- [YOUR TASK]: The pictures are to be left out, and all remaining data is to be transcribed exactly as it appears.

- [DATA BLOCK]:
__________

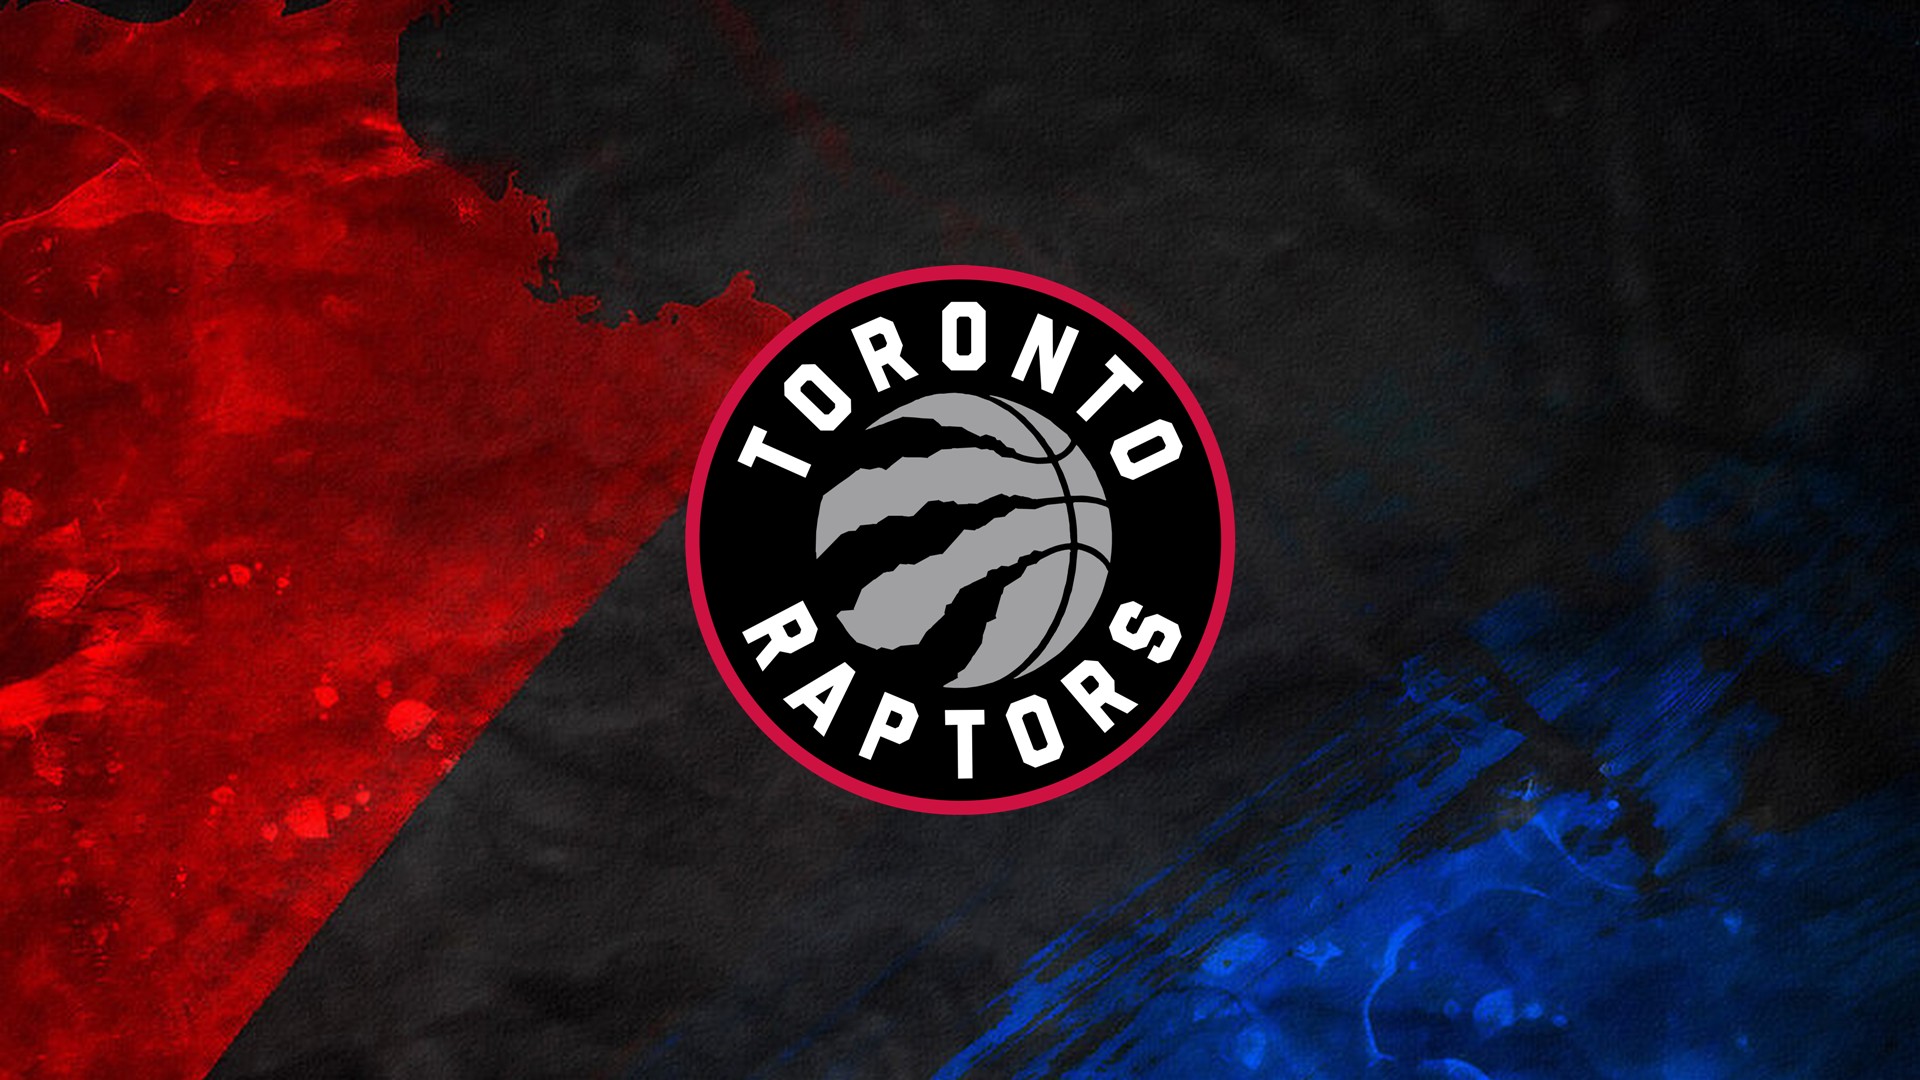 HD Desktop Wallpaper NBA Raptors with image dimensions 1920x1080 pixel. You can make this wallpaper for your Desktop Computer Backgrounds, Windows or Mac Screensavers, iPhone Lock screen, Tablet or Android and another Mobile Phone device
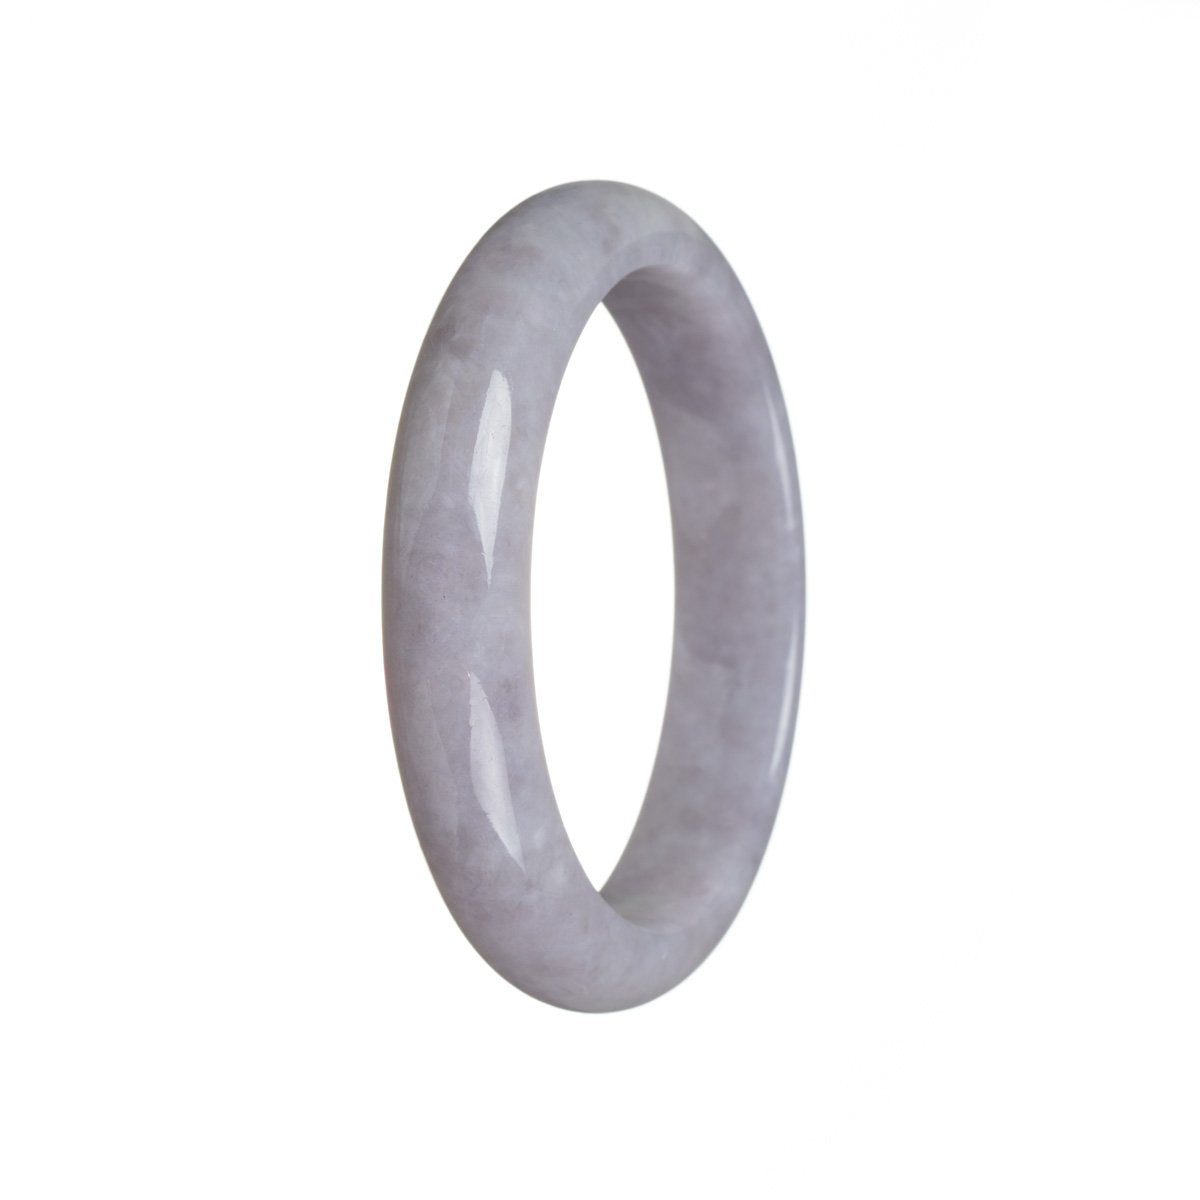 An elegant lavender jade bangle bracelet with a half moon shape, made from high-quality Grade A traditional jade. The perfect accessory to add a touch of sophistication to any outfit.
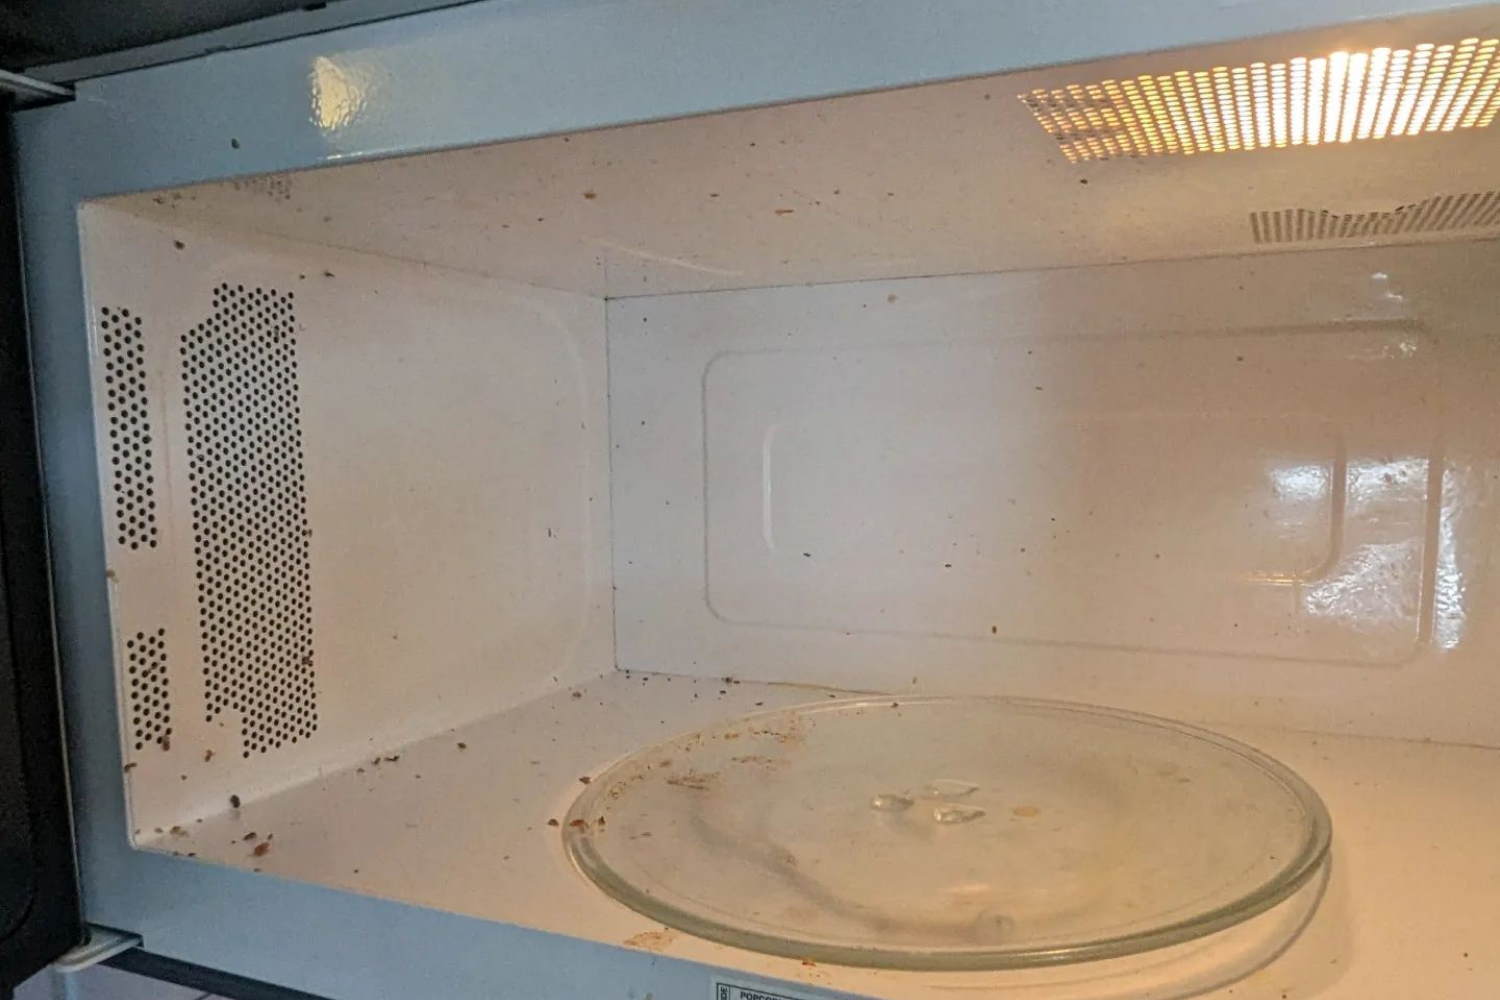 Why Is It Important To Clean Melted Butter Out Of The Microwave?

__________

- [RESPONSE BOX]:
 HD Desktop Wallpaper NBA Raptors with image dimensions 1920x1080 pixel. You can make this wallpaper for your Desktop Computer Backgrounds, Windows or Mac Screensavers, iPhone Lock screen, Tablet or Android and another Mobile Phone device
 An elegant lavender jade bangle bracelet with a half moon shape, made from high-quality Grade A traditional jade. The perfect accessory to add a touch of sophistication to any outfit.
 Why Is It Important To Clean Melted Butter Out Of The Microwave?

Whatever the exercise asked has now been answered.